Nasza Loteria NaM - pasek na kartach artykułów

Jasienica. Pożar domu jednorodzinnego w pow. bielskim. Nie żyje ok. 55-letni mężczyzna. Strażacy natrafili na zwęglone zwłoki podczas akcji

Piotr Chrobok
Piotr Chrobok
KM PSP w Bielsku-Białej
Ok. 55-letni mężczyzna zginął pożarze domu jednorodzinnego w Jasienicy (pow. bielski). Na jego zwęglone zwłoki podczas akcji gaśniczej natrafili strażacy. Wcześniej, przed przybyciem na miejsce strażaków, samodzielnie ewakuowało się z niego sześciu innych lokatorów.

Tragiczny pożar domu jednorodzinnego w Jasienicy

Tragiczny finał miał pożar domu, do którego doszło w niedzielę, 27 marca w Jasienicy (pow. bielski). Około godziny 6:25 do dyżurnego straży pożarnej w Bielsku-Białej wpłynęło zgłoszenie z Wojewódzkiego Centrum Powiadamiana Ratunkowego o palącym się budynku jednorodzinnym przy ul.
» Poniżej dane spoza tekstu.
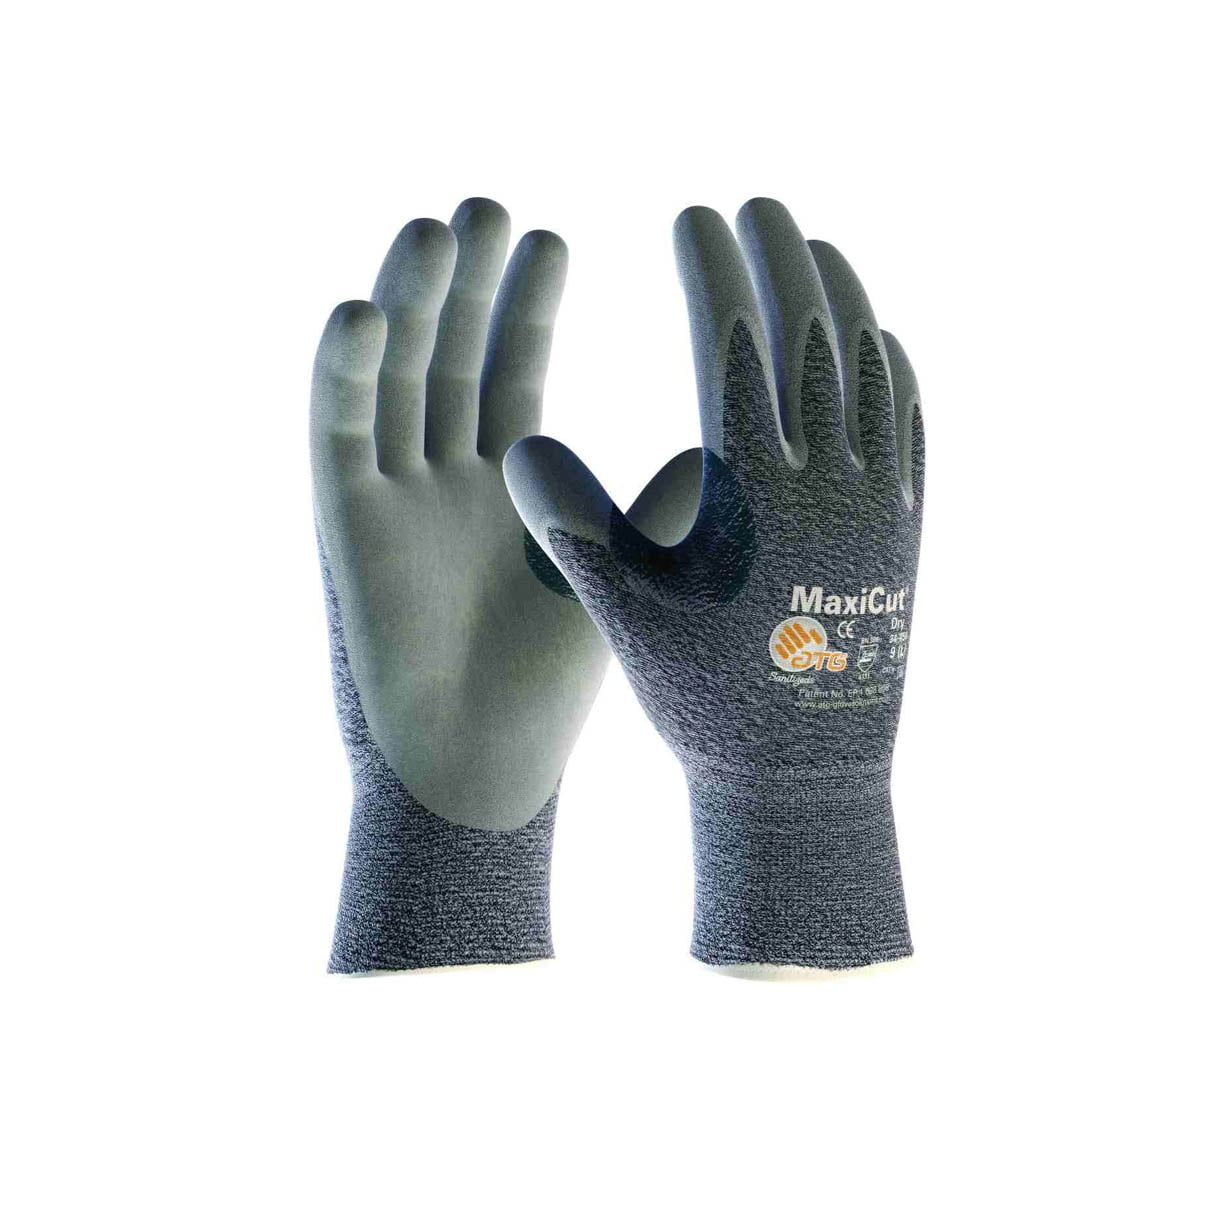 ATG radne rukavice MaxiCut® Dry 34-450 - masineialati.ba - Profesionalni i  hobi alati i mašine

Nad Strumieniem.

- Na miejsce zadysponowano trzy zastępy Państwowej Straży Pożarnej. Interweniowały także trzy zastępy OSP - informuje oficer dyżurny z KM PSP w Bielsku-Białej.

Gdy strażacy przybyli na miejsce, dom był objęty ogniem. Ten rozprzestrzeniał się bardzo szybko. Z parteru, gdzie wybuchł zdążył przenieść się na poddasze.

Jeszcze przed dotarciem strażaków budynku zdążyło się ewakuować sześć osób. Lokatorzy, którym ogień odciął drogę ucieczki - taką informację otrzymali początkowo strażacy - podjęli dramatyczną próbę ratowania własnego życia. Jeden z nich miał wyskoczyć przez balkon na piętrze, a następnie podstawić drabinę, po której pozostali bezpiecznie zeszli na dół.

Wewnątrz pozostał jedynie mężczyzna. Jego życia nie udało się uratować. - Po ugaszeniu pożaru, strażacy natrafili na zwęglone zwłoki mężczyzny w wieku ok. 55 lat - mówi dyżurny bielskiej straży pożarnej.

Akcja strażaków trwała ponad dwie godziny. W tym czasie strażacy między innymi walczyli z ogniem. - Działania zastępów polegały na zabezpieczeniu miejsca zdarzenia podaniu dwóch prądów wody na płonący budynek częściowym rozebraniu dachu i przewietrzenie budynku - relacjonują bielscy strażacy.

Dom nie nadaje się do dalszego użytkowania. Jego mieszkańcom zakazano pozostania w nim. Lokatorzy mieli znaleźć schronienie u najbliższej rodziny.

Oprócz sześciu zastępów straży pożarnej, na ul. Nad Strumieniem w Jasienicy zadysponowano także pozostałe służby ratownicze, w tym policję oraz zespół ratownictwa medycznego.

Jak na razie nie wiadomo, jaka była przyczyna pożaru. Jej ustaleniem, jak i wyjaśnieniem szczegółowych okoliczności tragicznego wypadku zajmie się teraz policja.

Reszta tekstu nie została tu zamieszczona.